Sheung Wo Hang is a Hakka village in Wo Hang, Sha Tau Kok, in the North District of Hong Kong. It is occupied by members of Hakka Li (李) Clan. Until the 18th century, the village was known as Wo Hang (禾坑).

==Administration==
Sheung Wo Hang is a recognized village under the New Territories Small House Policy. It is one of the villages represented within the Sha Tau Kok District Rural Committee. For electoral purposes, Sheung Wo Hang is part of the Sha Ta constituency, which is currently represented by Ko Wai-kei.

==History==
Before the arrival of the Lis, Wo Hang was occupied by the Hos (何), the Tsangs (曾) and the Tangs (鄧).
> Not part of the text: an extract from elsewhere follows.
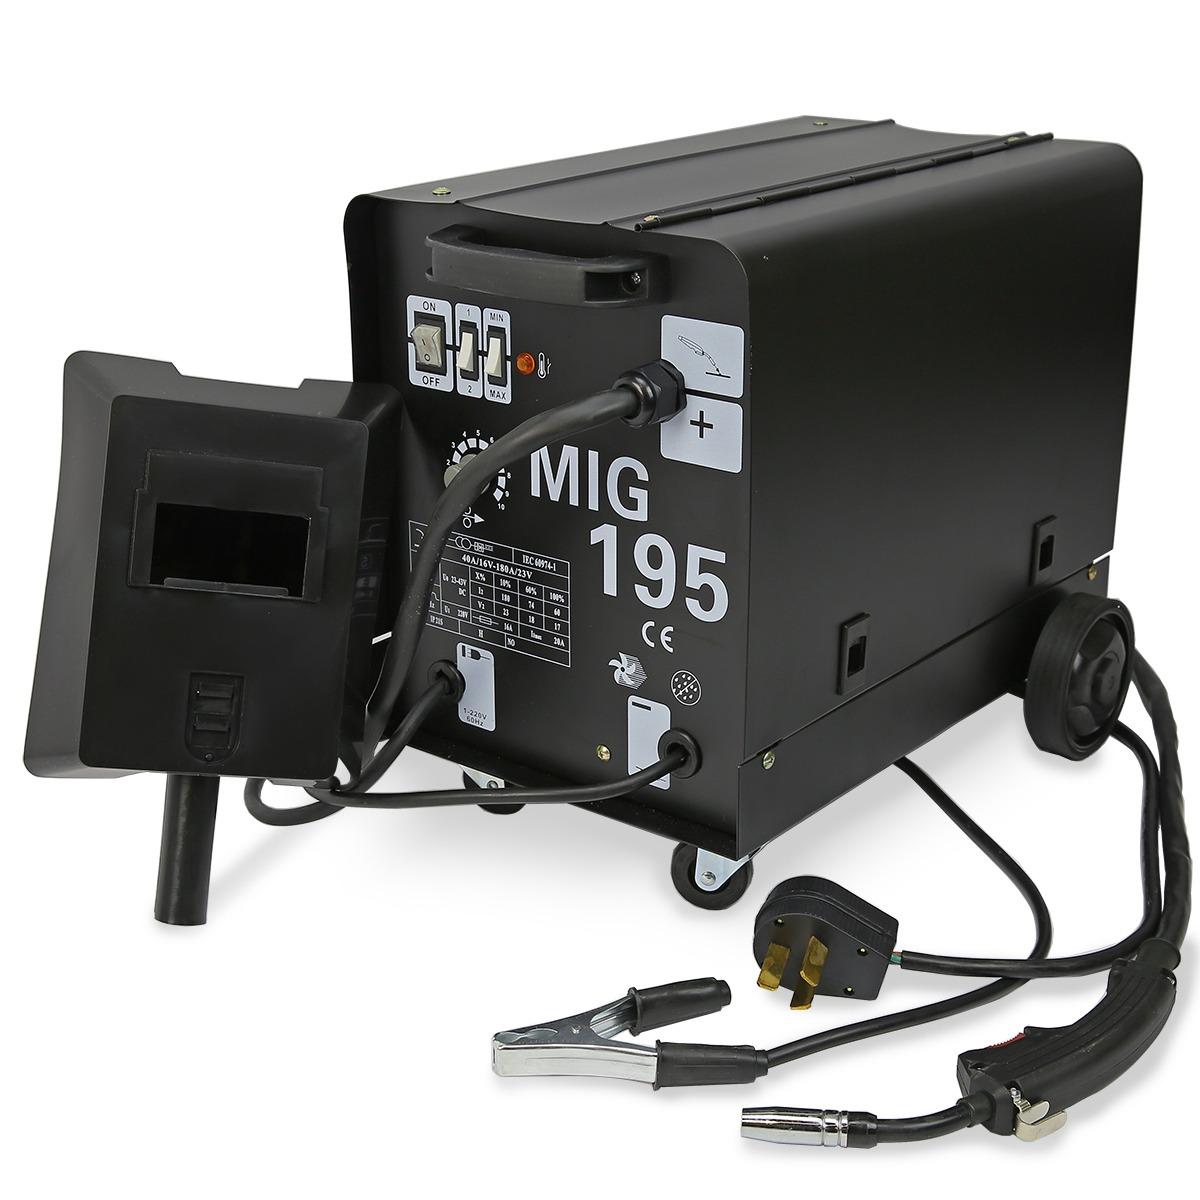 195 AMP DUAL MIG-195 230V Flux Core Auto Wire Welding Machine Gas No ...
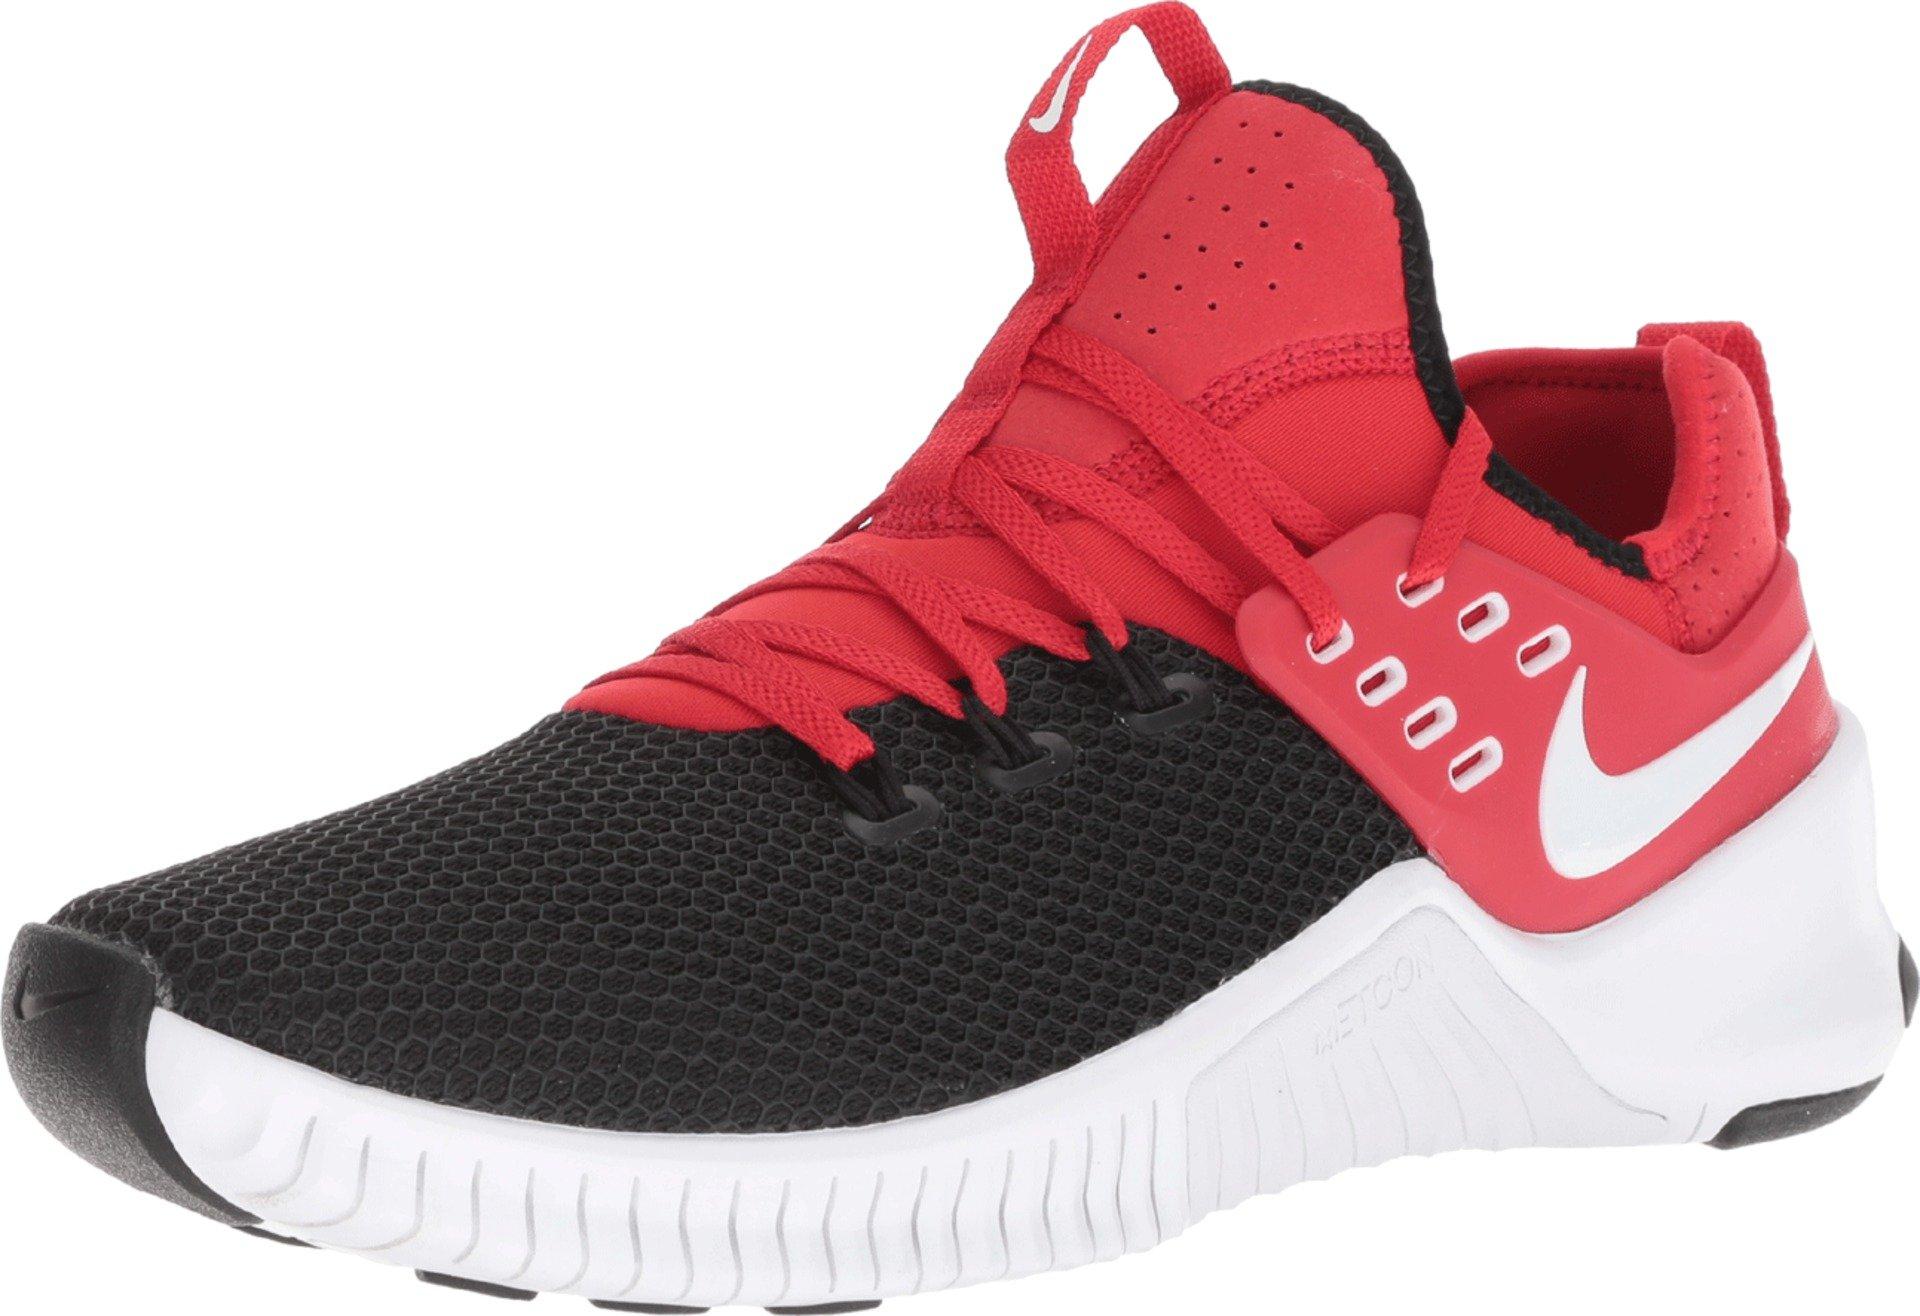 Nike Men's Free X Metcon Training Shoes (8-M, Red/White/Black)

Lee Tak-wah (李德華), a member of the Lis, moved to Wo Hang in 1698, shortly after the end of the Great Clearance. Kuen-lam (權林), son of Tak-wah, built an Ancestral Hall in the village. The feng shui of the hall was considered harmful to the Hos, the Tsangs and the Tangs and they left the village. Members of the Li Clan later branched out to found the two nearby villages of Ha Wo Hang ("lower Wo Hang") and Wo Hang Tai Long (禾坑大朗), in around 1730 and 1750 respectively. Wo Hang was subsequently renamed Sheung Wo Hang.

At the time of the 1911 census, the population of Sheung Wo Hang was 443. The number of males was 175.

Since the 1950s many inhabitants of the village have moved to urban areas in Hong Kong and abroad.

==Built heritage==
The Kang Yung Study Hall (鏡蓉書屋) was built in the early Qing Dynasty by the Li Clan. The study hall was later converted into a public school, which closed in 1986. It is now a declared monument.

Other historical buildings include:
- Lee Sze Sai Kui (李氏世居) Entrance Gate. Built in the 18th century. Not graded.
- Lee ancestral hall (李氏祠堂). Not graded.
- Wing Kat Tong (永吉堂), a communal hall, at No. 18A. Probably built before 1905. Not graded.